On Motion for Rehearing.
Nothing new is presented in appellees' motion for a rehearing, and, believing the question discussed in our original opinion has been correctly decided, said motion will be overruled.

Appellees' motion for a modification of our findings of fact and for additional findings will also be overruled. Our findings and deductions drawn from the evidence are clearly authorized and supported by the record. The statement of appellees to the effect that certain language of the opinion handed down by this court indicates or may be construed as a holding that appellant was not a party to the contract involved in the suit is not justified, we think, by anything said in the opinion. That appellant was a party to, and actually signed, said contract is unquestionably true, and seems not to be denied by him.

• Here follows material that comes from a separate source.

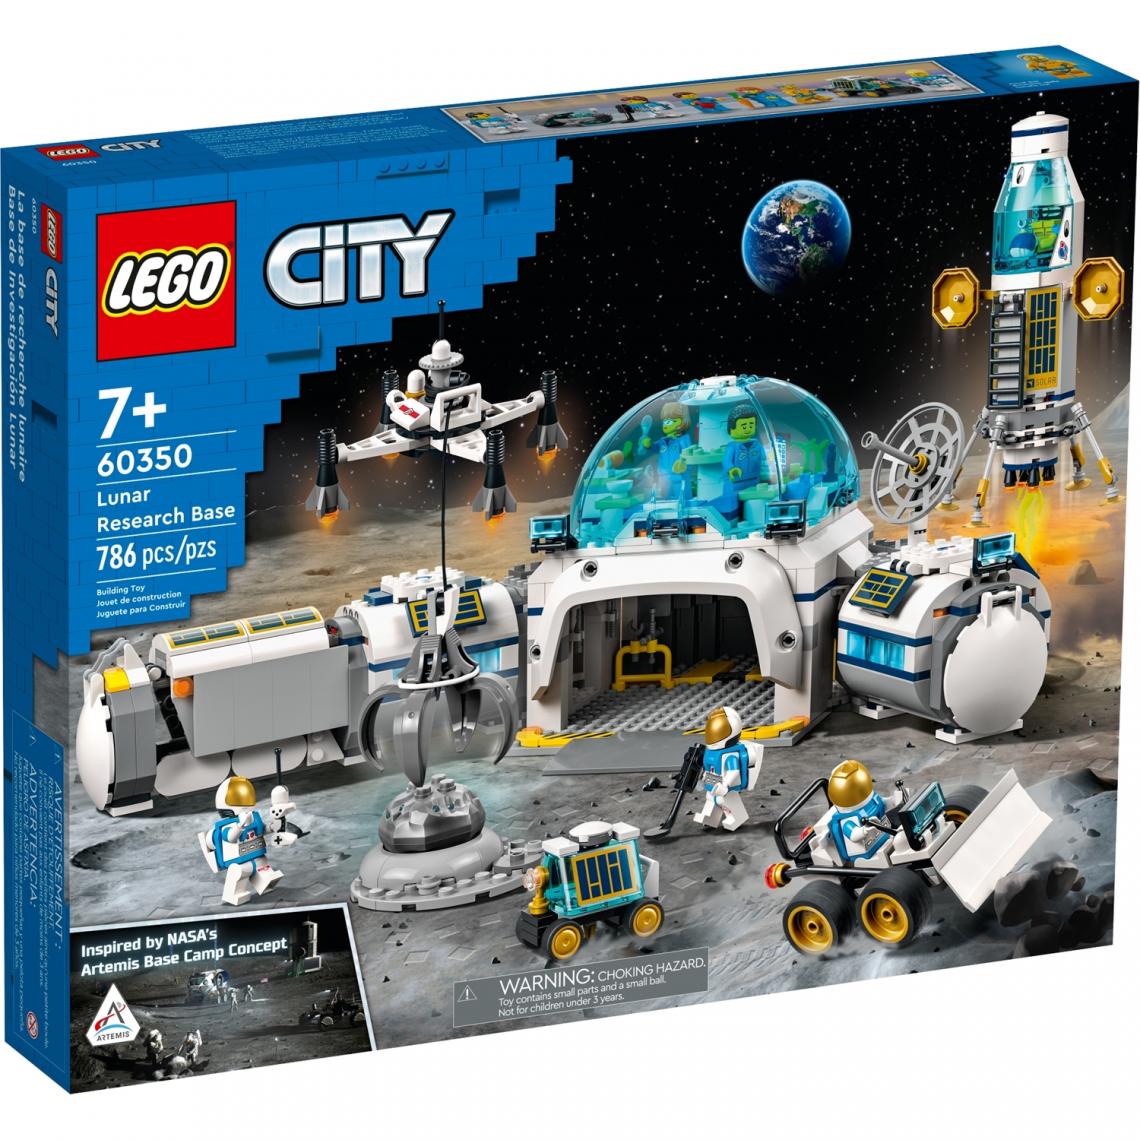 Lego - Lego 60350 - City La base de recherche lunaire - Briques et blocs

The motion of appellant to reform the judgment rendered by this court will be sustained. Appellant reconvened in the suit, alleging, in substance, that appellees wrongfully and maliciously procured the issuance of the writ of injunction herein, and prayed for damages, actual and exemplary, in the sum of $10,500. The trial court refused to submit any issue of damages to the jury, and appellant assigned as error on this appeal such refusal. We think appellant is entitled to have a trial on the question of damages alleged to have been suffered as a consequence of the suing out and service of the injunction in this cause, and the judgment heretofore rendered will be reformed, and the judgment of the district court reversed, and here rendered in favor of appellant dissolving the Injunction issued herein; that appellees take nothing by their suit, and pay costs, and the cause will be remanded to the court below solely for the purpose of a trial on the question of damages alleged to have been suffered by appellant in his plea in reconvention.

Appellant's motions for rehearing and additional findings are overruled, and the judgment of the court below is reversed, and, judgment here rendered In part, and the cause reversed and remanded in part.

Reversed and rendered in part, and reversed and remanded in part.